BEGIN Data below
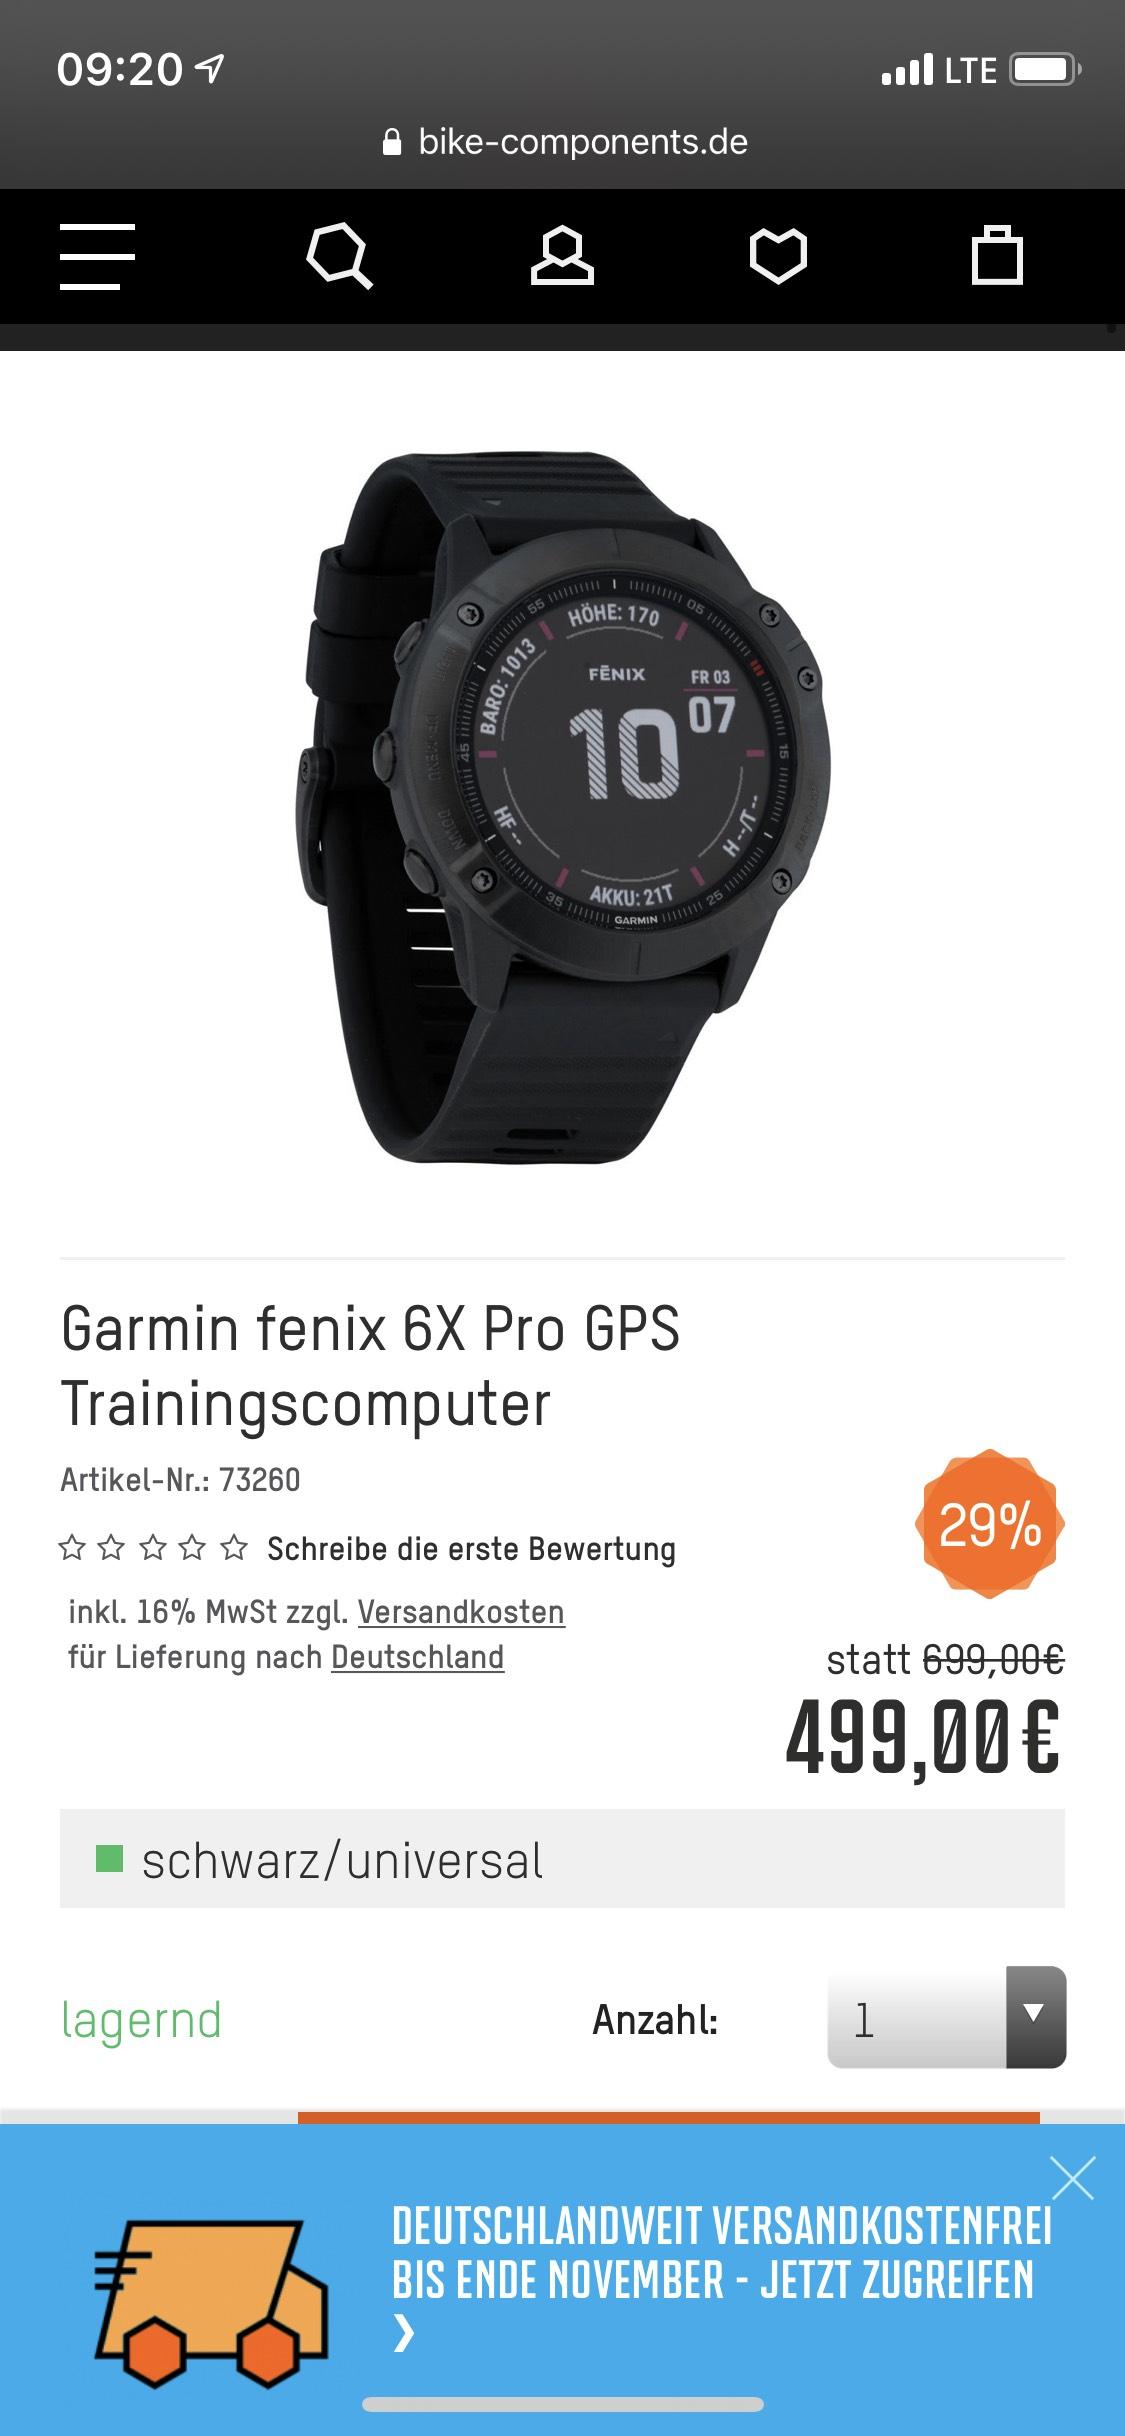 Amazon und Bike-Components: Garmin Fenix 6X Pro Premium-GPS-Multisportuhr
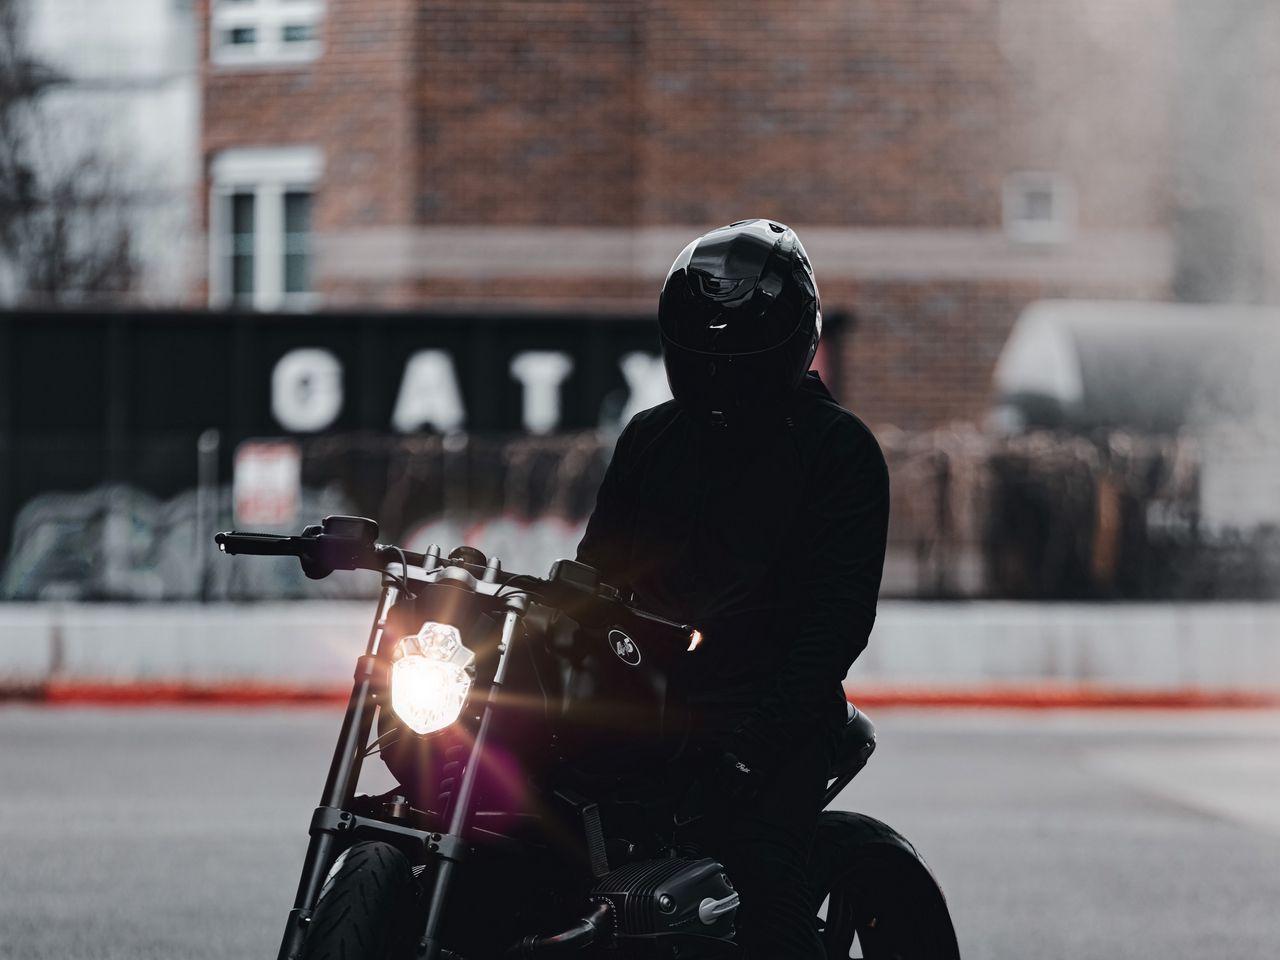 1280x960 Обои мотоцикл, байк, мотоциклист, черный, свет, дорога
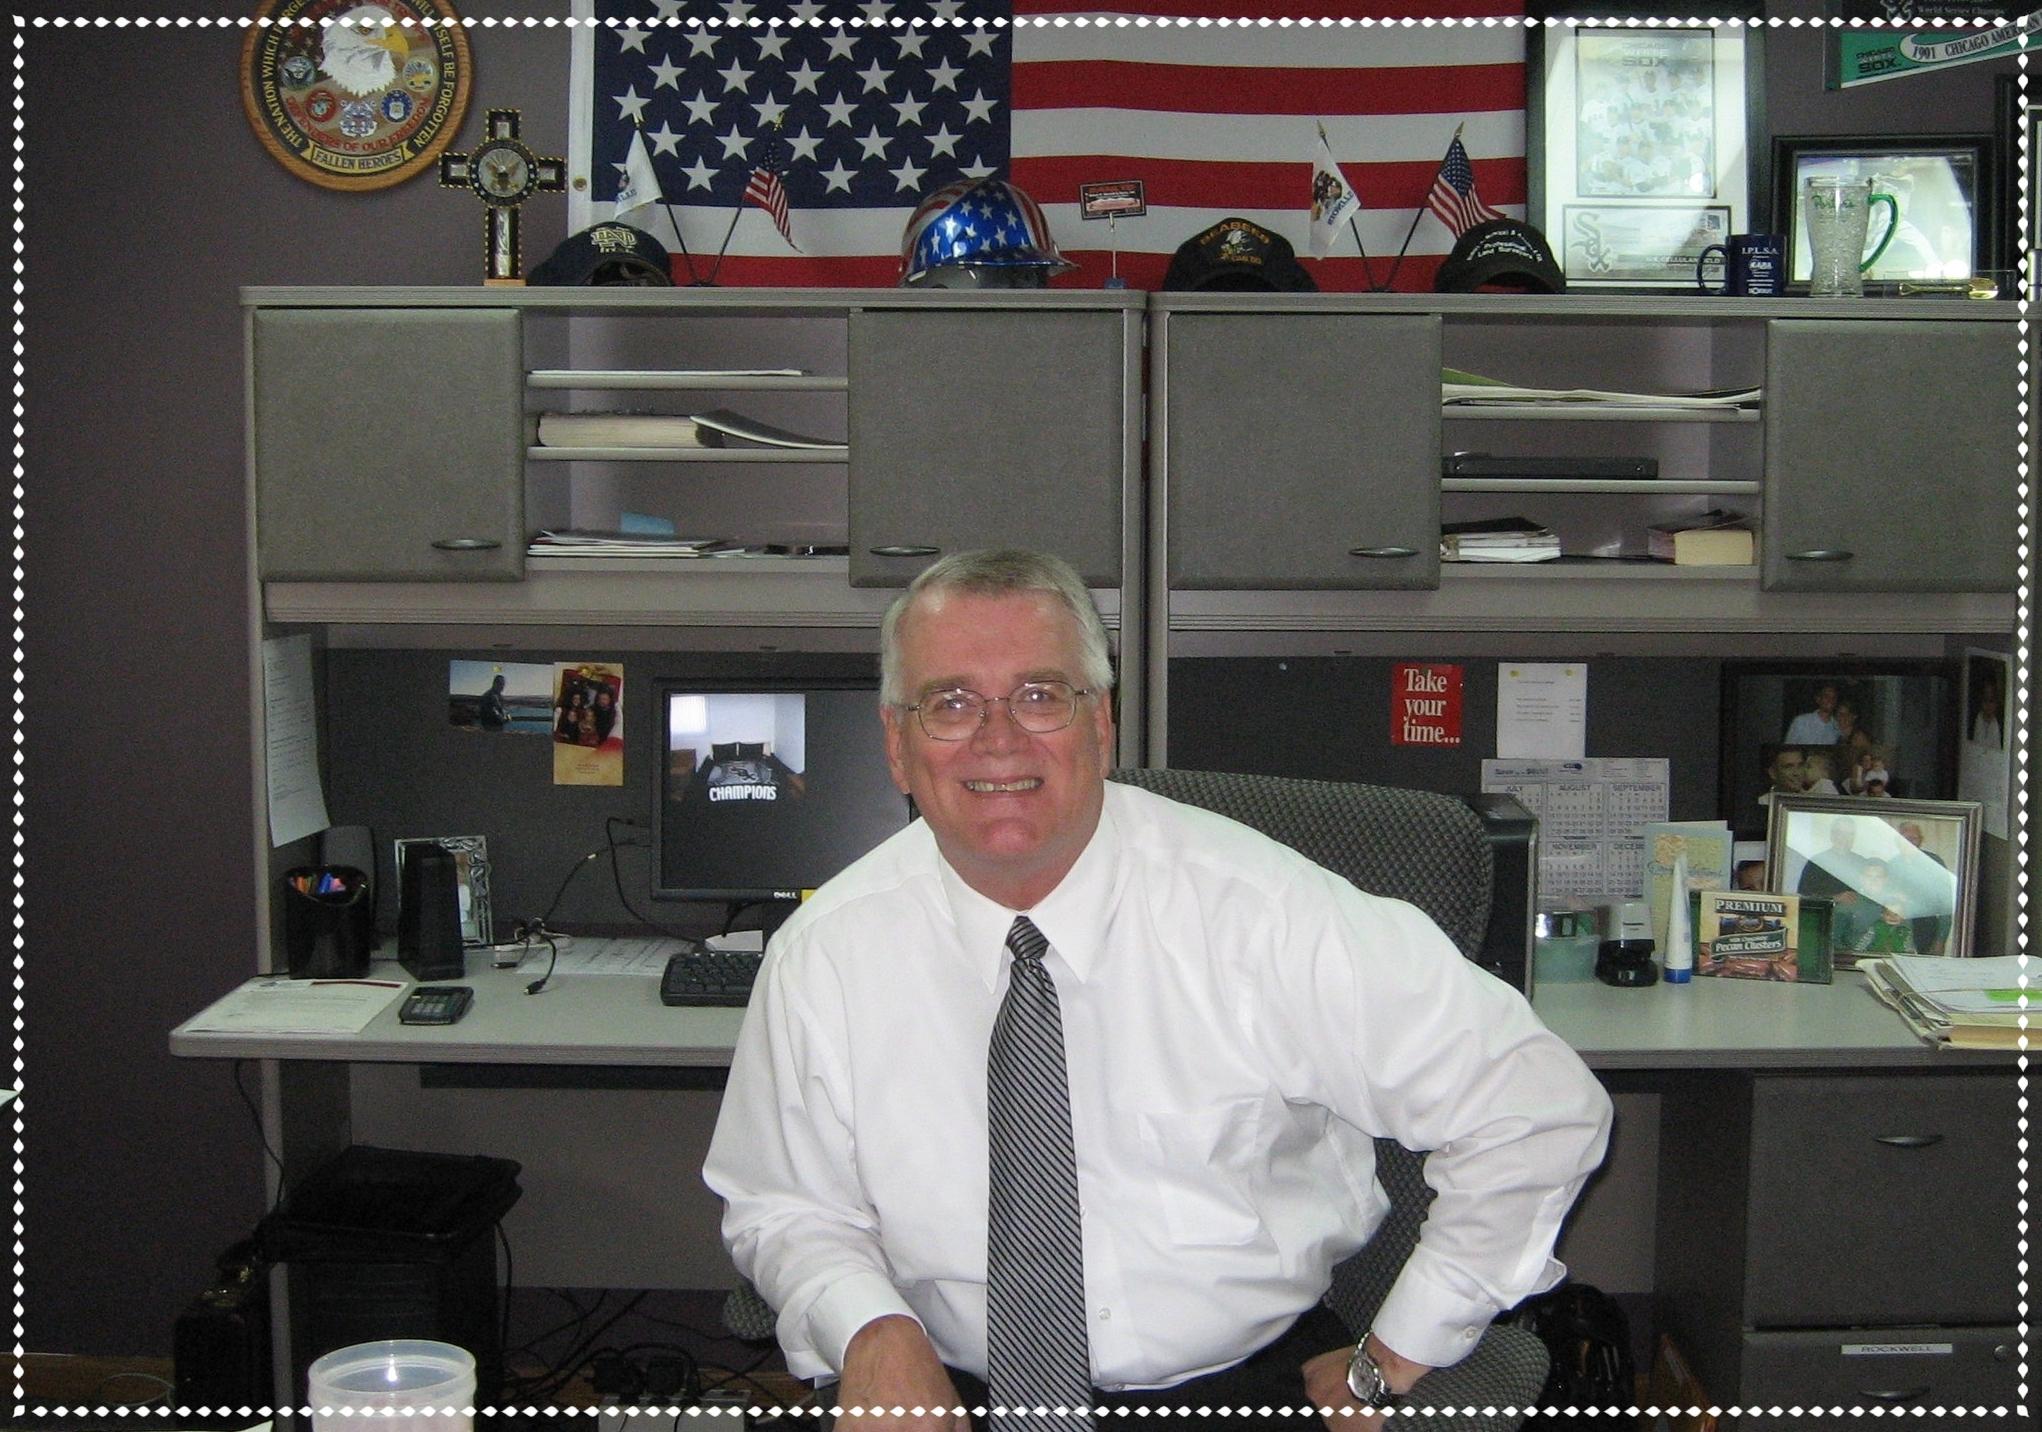 Paul Nowicki, CEO
END Data below
Send back the listing exactly as it stands. Do not include the pictures.

▸ Result of this task
 Amazon und Bike-Components: Garmin Fenix 6X Pro Premium-GPS-Multisportuhr
 1280x960 Обои мотоцикл, байк, мотоциклист, черный, свет, дорога
 Paul Nowicki, CEO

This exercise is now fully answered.